• [Activity] The answer should hold only the lines from the one containing "Saftige Orangen-Mandelbiskuit-Torte - Winterzauber-Torte" through the one containing "stoke by nayland wedding photography" in the entries below, copied exactly, without pictures.
Input Start Marker
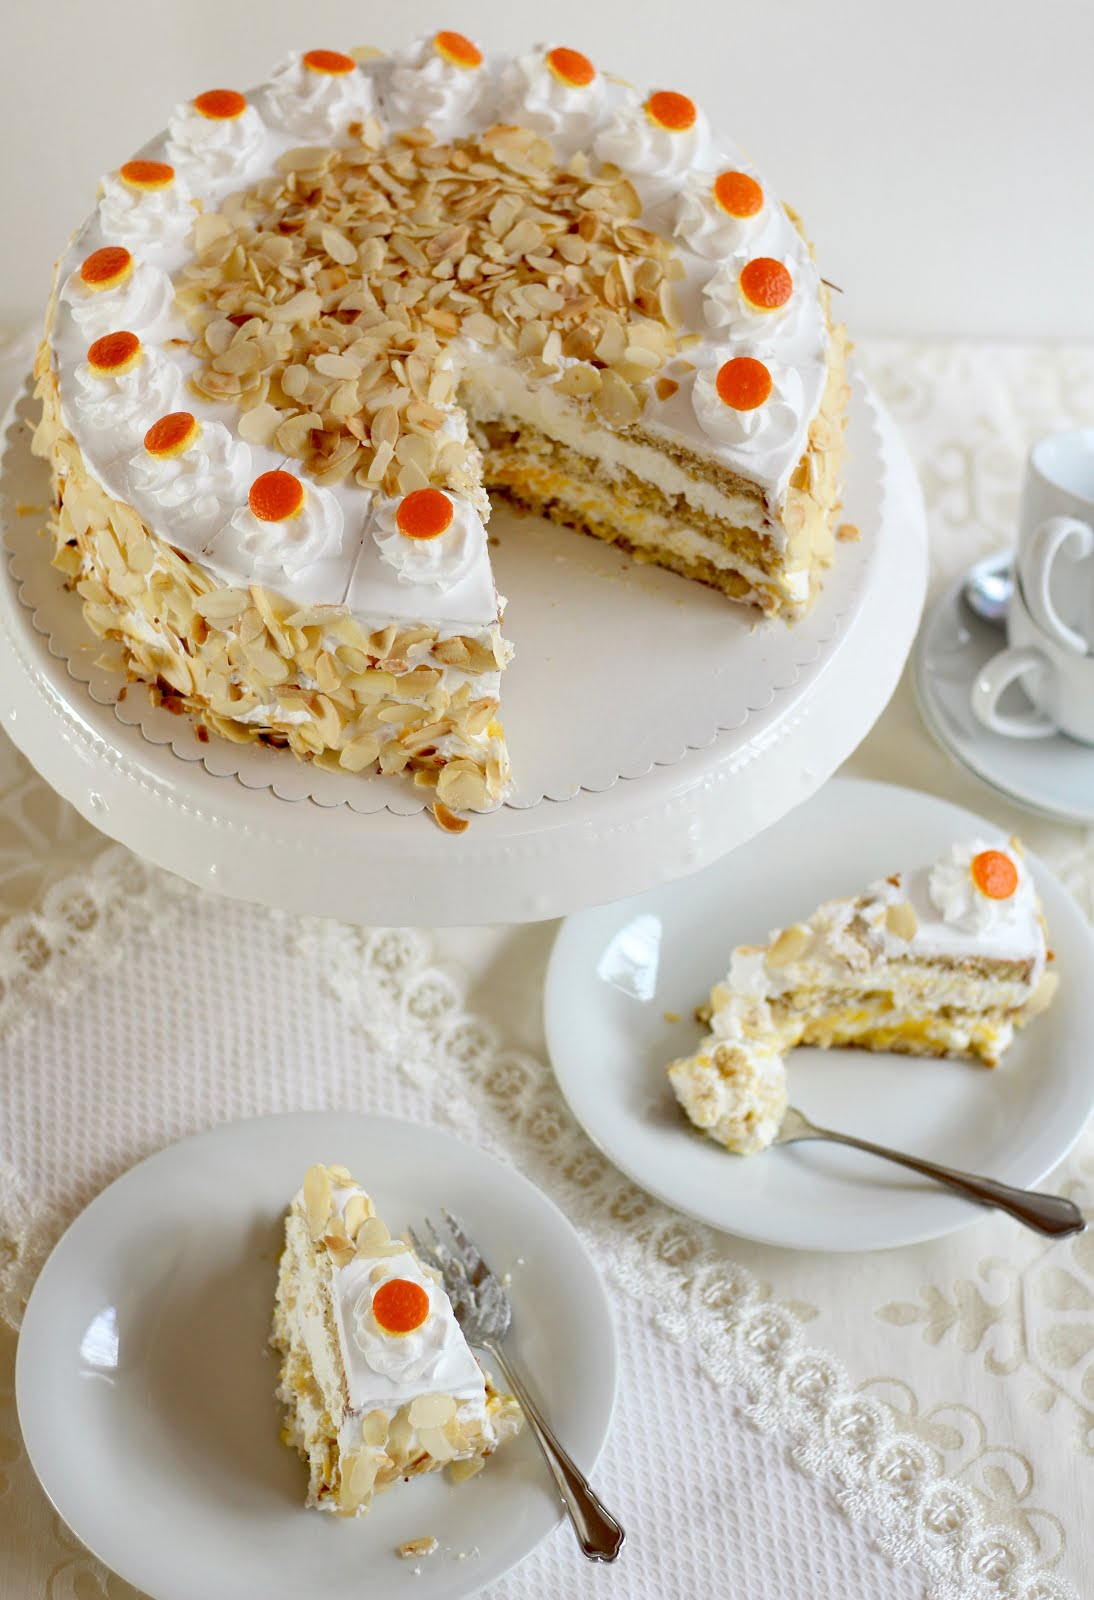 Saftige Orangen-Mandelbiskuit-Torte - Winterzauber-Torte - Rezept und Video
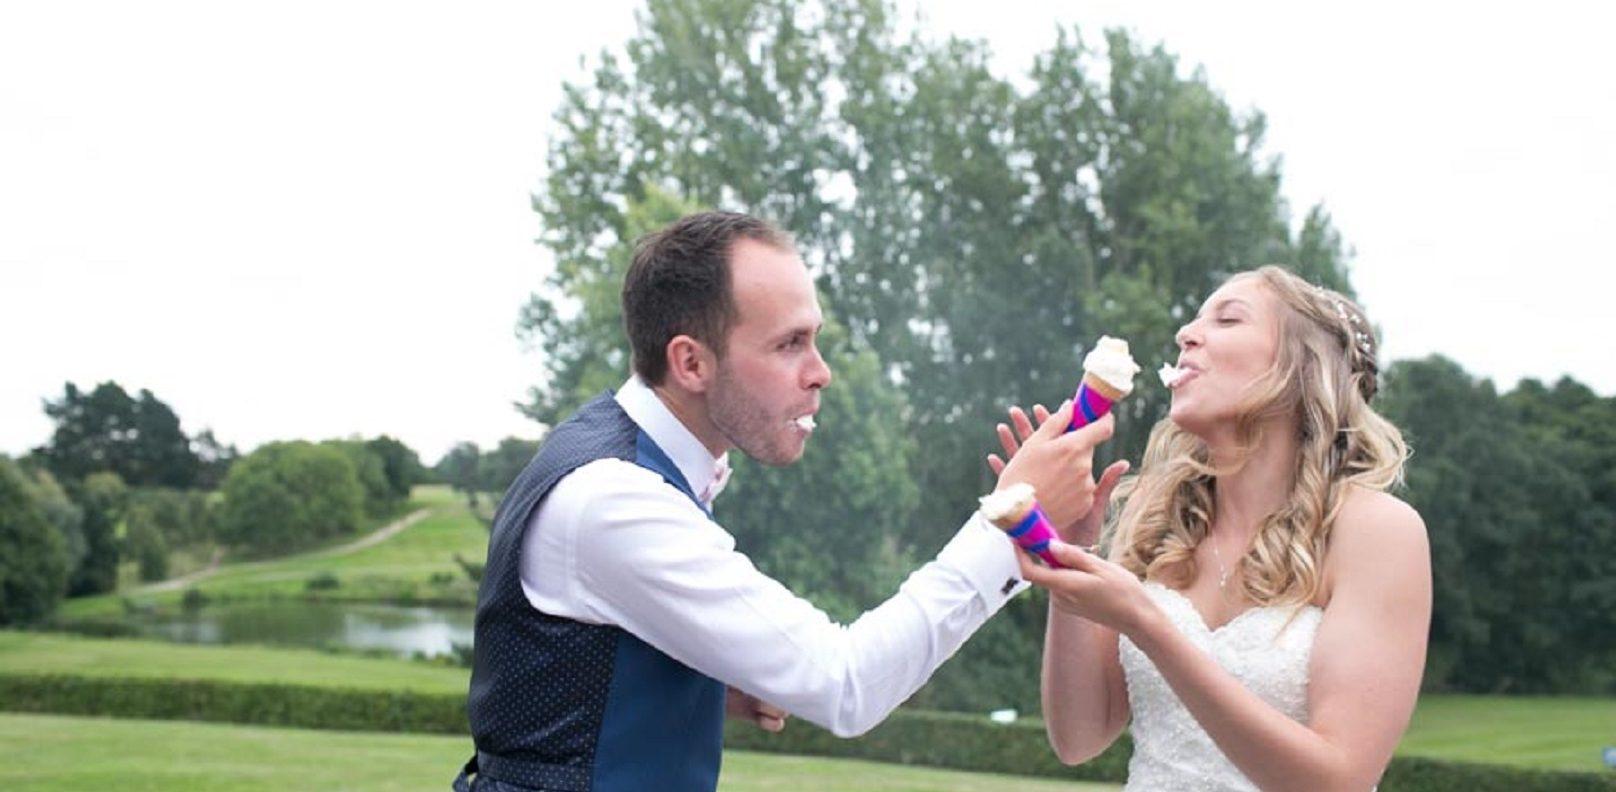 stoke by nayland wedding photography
Input End Marker
Input Start Marker
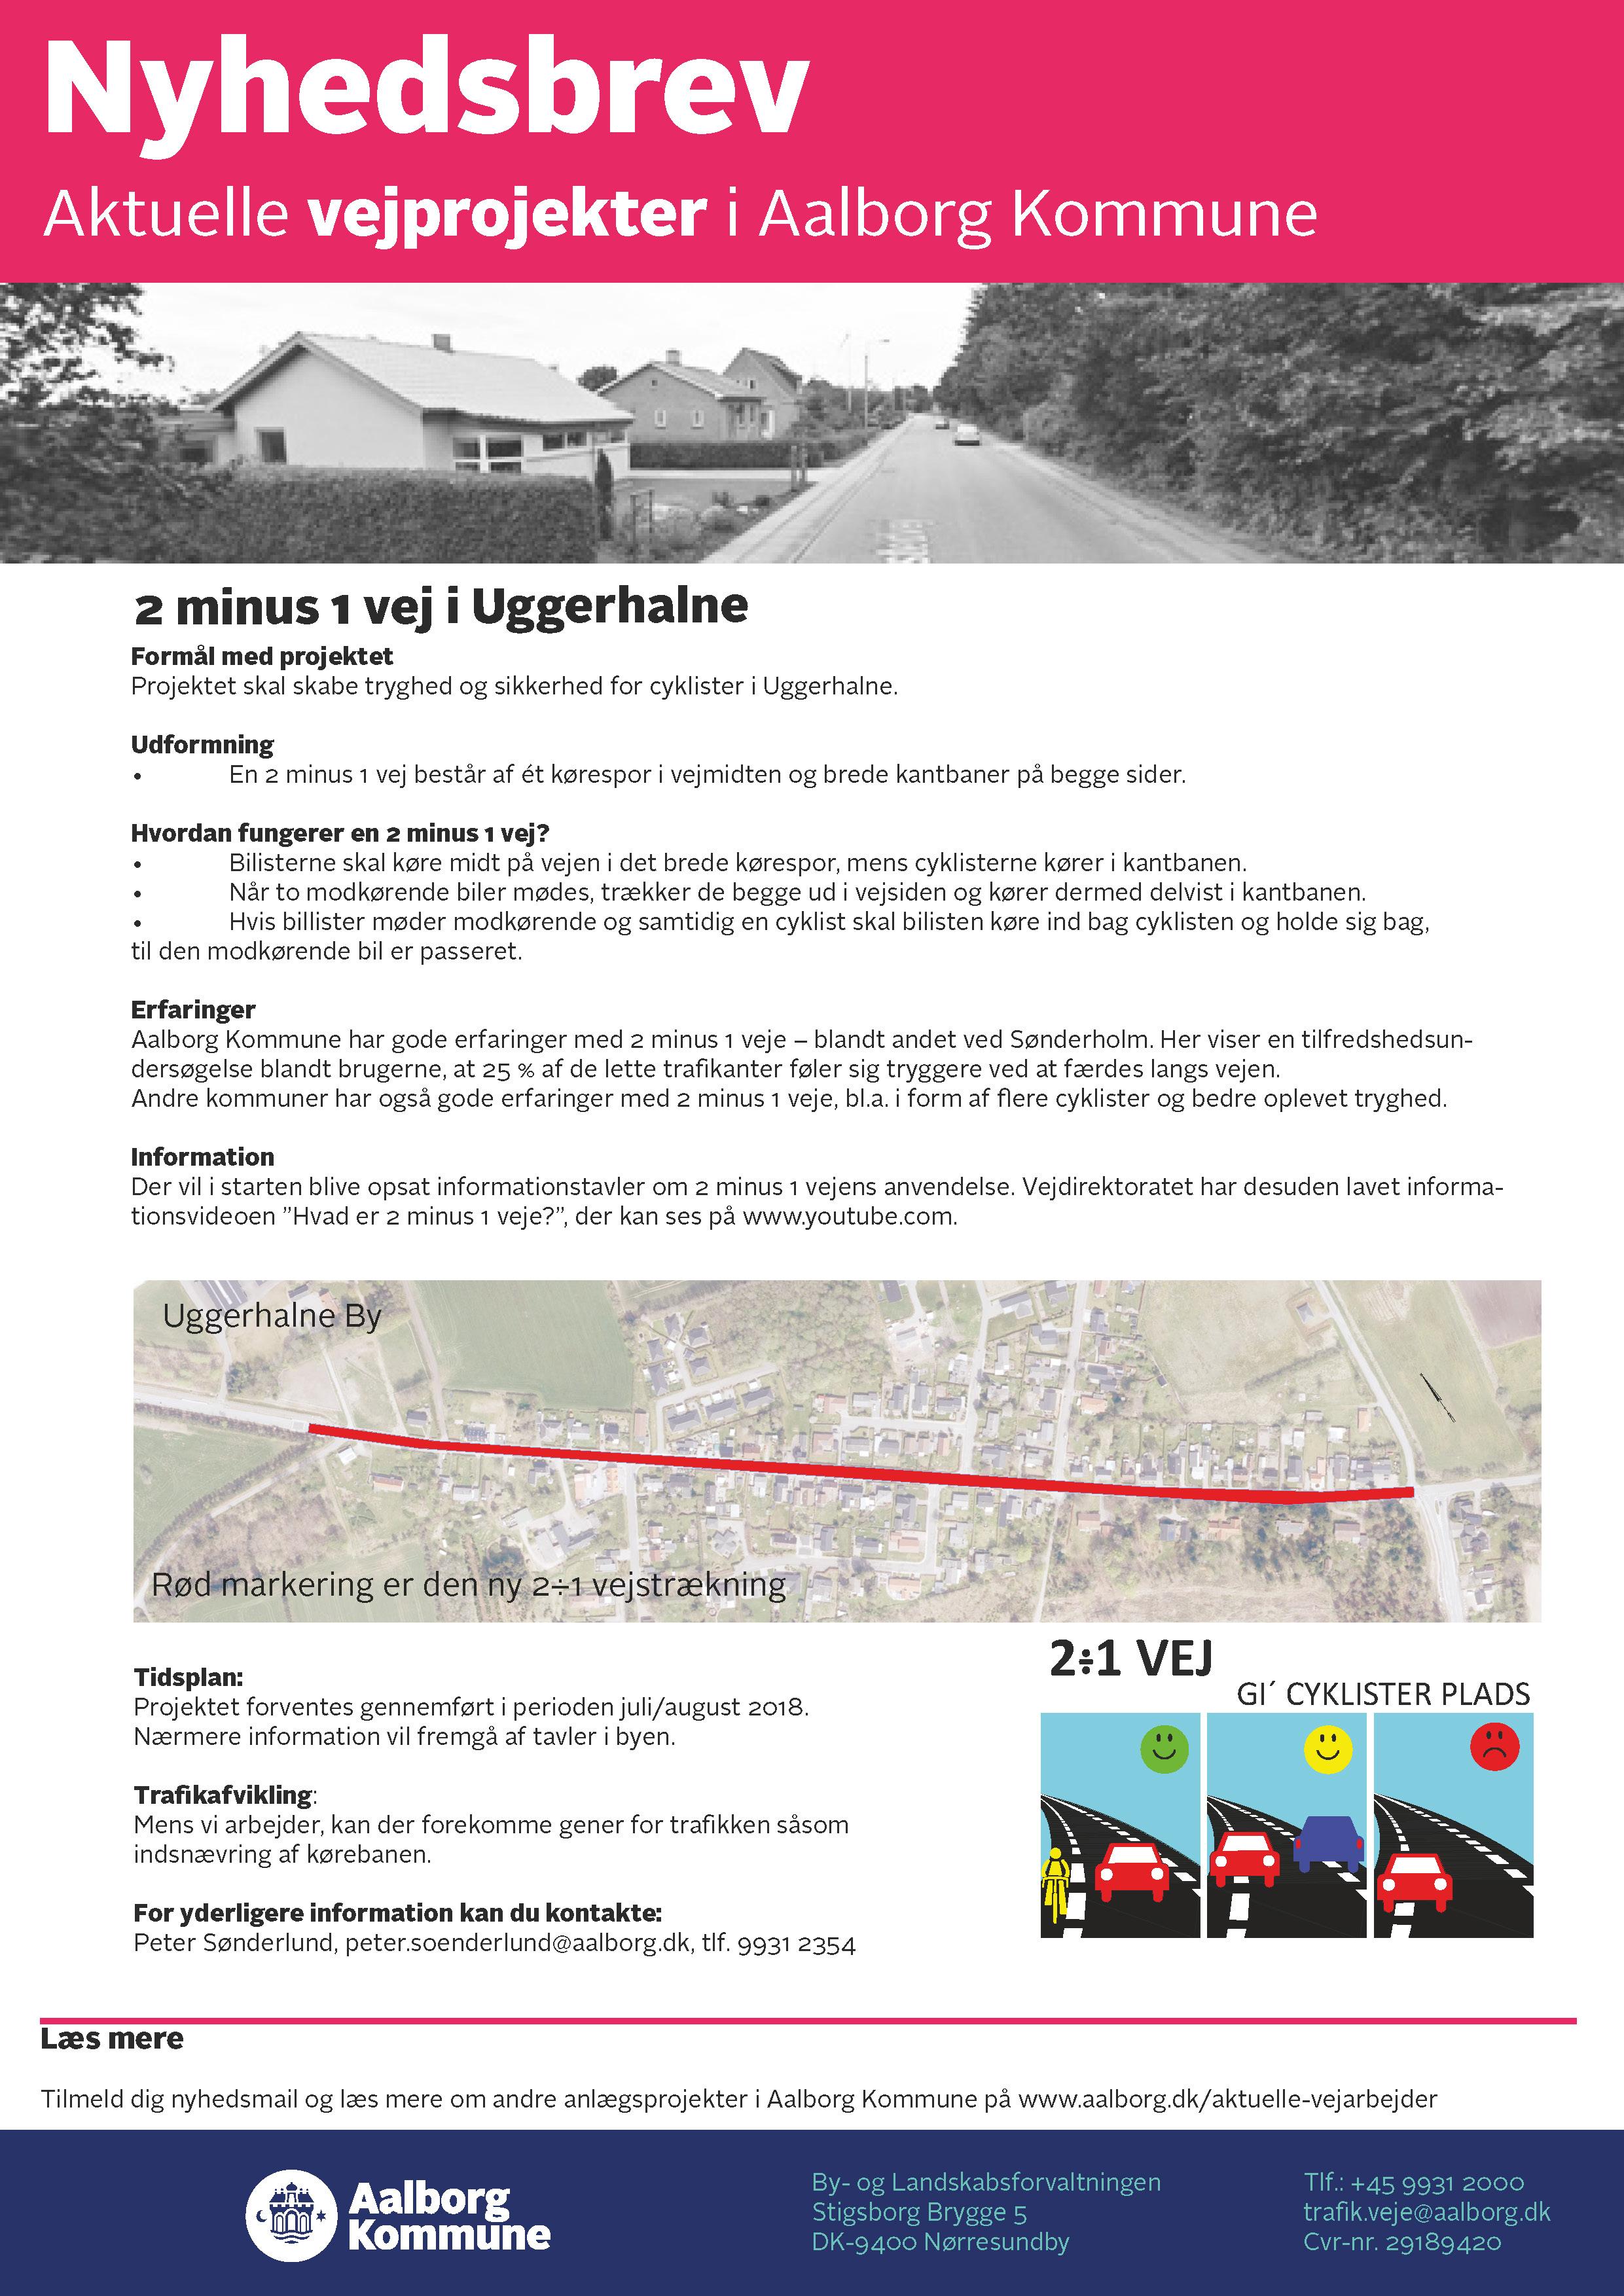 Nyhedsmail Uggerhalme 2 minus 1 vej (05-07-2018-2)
Input End Marker
• [Written answer]
 Saftige Orangen-Mandelbiskuit-Torte - Winterzauber-Torte - Rezept und Video
 stoke by nayland wedding photography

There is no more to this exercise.